About this task =
With no line left out, restate the data word for word.

Data extracts =
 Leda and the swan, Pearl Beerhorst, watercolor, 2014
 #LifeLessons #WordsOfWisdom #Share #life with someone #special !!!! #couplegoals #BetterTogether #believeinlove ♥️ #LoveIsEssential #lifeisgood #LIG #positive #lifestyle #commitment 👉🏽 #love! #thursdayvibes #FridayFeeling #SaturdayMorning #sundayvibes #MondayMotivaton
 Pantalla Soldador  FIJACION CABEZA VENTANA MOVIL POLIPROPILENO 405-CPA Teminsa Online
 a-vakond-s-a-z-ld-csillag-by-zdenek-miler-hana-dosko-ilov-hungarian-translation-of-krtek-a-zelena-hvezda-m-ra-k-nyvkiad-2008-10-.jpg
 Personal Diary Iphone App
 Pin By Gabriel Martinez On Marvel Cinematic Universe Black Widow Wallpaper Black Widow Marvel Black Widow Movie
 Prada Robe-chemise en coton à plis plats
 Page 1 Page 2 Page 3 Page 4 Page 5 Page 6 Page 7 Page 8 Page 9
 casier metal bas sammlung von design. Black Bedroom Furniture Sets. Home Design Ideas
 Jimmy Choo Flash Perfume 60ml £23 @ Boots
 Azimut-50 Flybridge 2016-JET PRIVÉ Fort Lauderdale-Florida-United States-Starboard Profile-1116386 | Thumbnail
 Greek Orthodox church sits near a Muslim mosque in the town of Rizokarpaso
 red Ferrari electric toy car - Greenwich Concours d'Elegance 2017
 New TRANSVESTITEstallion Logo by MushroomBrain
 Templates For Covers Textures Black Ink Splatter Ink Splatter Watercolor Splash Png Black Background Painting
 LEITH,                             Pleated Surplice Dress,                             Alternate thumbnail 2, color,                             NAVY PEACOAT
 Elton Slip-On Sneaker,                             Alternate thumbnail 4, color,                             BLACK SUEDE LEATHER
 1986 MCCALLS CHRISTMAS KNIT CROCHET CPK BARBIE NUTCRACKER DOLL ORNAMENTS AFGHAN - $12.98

Response =
 Leda and the swan, Pearl Beerhorst, watercolor, 2014
 #LifeLessons #WordsOfWisdom #Share #life with someone #special !!!! #couplegoals #BetterTogether #believeinlove ♥️ #LoveIsEssential #lifeisgood #LIG #positive #lifestyle #commitment 👉🏽 #love! #thursdayvibes #FridayFeeling #SaturdayMorning #sundayvibes #MondayMotivaton
 Pantalla Soldador  FIJACION CABEZA VENTANA MOVIL POLIPROPILENO 405-CPA Teminsa Online
 a-vakond-s-a-z-ld-csillag-by-zdenek-miler-hana-dosko-ilov-hungarian-translation-of-krtek-a-zelena-hvezda-m-ra-k-nyvkiad-2008-10-.jpg
 Personal Diary Iphone App
 Pin By Gabriel Martinez On Marvel Cinematic Universe Black Widow Wallpaper Black Widow Marvel Black Widow Movie
 Prada Robe-chemise en coton à plis plats
 Page 1 Page 2 Page 3 Page 4 Page 5 Page 6 Page 7 Page 8 Page 9
 casier metal bas sammlung von design. Black Bedroom Furniture Sets. Home Design Ideas
 Jimmy Choo Flash Perfume 60ml £23 @ Boots
 Azimut-50 Flybridge 2016-JET PRIVÉ Fort Lauderdale-Florida-United States-Starboard Profile-1116386 | Thumbnail
 Greek Orthodox church sits near a Muslim mosque in the town of Rizokarpaso
 red Ferrari electric toy car - Greenwich Concours d'Elegance 2017
 New TRANSVESTITEstallion Logo by MushroomBrain
 Templates For Covers Textures Black Ink Splatter Ink Splatter Watercolor Splash Png Black Background Painting
 LEITH,                             Pleated Surplice Dress,                             Alternate thumbnail 2, color,                             NAVY PEACOAT
 Elton Slip-On Sneaker,                             Alternate thumbnail 4, color,                             BLACK SUEDE LEATHER
 1986 MCCALLS CHRISTMAS KNIT CROCHET CPK BARBIE NUTCRACKER DOLL ORNAMENTS AFGHAN - $12.98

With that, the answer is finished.